Conclusions and Significance

This study successfully synthesized and characterized the trivalent antimony dication [tpme2sb]2+ and revealed its potential in catalytic reactions. The research demonstrated that [tpme2sb]2+ can form stable complexes with various ligands and promote hydroamination reactions. This discovery provides new insights into the application of main-group element compounds in catalytic reactions and opens new avenues for exploring intermolecular processes involving low-oxidation-state main-group compounds.

Research Highlights

  1. Novel Synthesis Method: The team successfully synthesized the trivalent antimony dication [tpme2sb]2+ and characterized it using X-ray diffraction and NMR spectroscopy.
  2. Broad Reactivity: [tpme2sb]2+ can form stable complexes with various ligands, demonstrating its potential in catalytic reactions.
  3. Catalytic Activity: The team found that [tpme2sb]2+ can catalyze the hydroamination reaction of styrene with diphenylamine, providing new ideas for the application of main-group element compounds in catalytic reactions.

Additional Valuable Information

The team also revealed the structures of reaction intermediates and transition states through DFT calculations, further demonstrating the potential of [tpme2sb]2+ in catalytic reactions. These computational results provide important theoretical support for understanding the reaction mechanism.
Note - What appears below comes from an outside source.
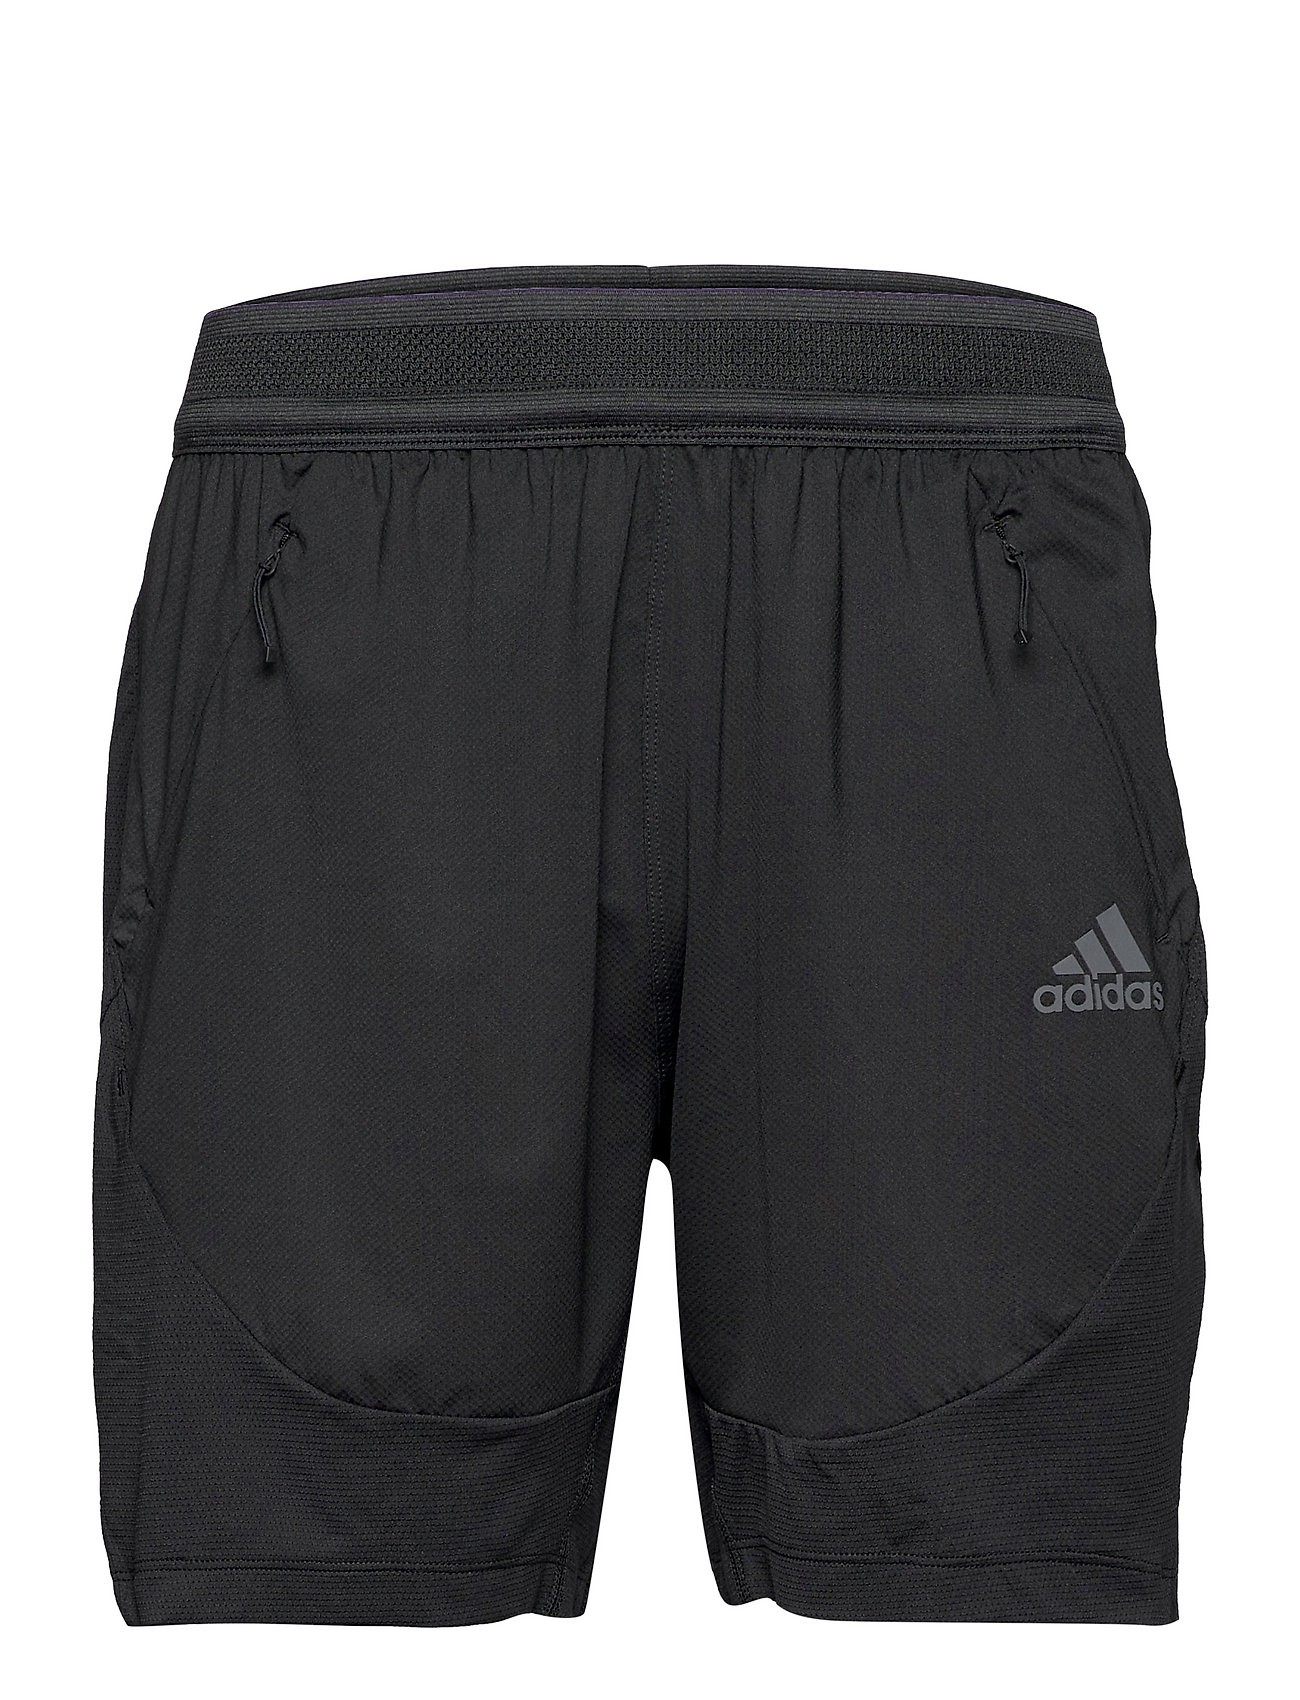 Heat.Rdy Training Shorts Shorts Sport Shorts Musta Adidas Performance, adidas Performance

This paper not only offers a new perspective on the study of main-group element compounds but also provides important experimental and theoretical foundations for the development of novel catalysts. By revealing the synthesis methods, reactivity, and catalytic activity of [tpme2sb]2+, the research team has laid a solid foundation for future studies on catalytic reactions.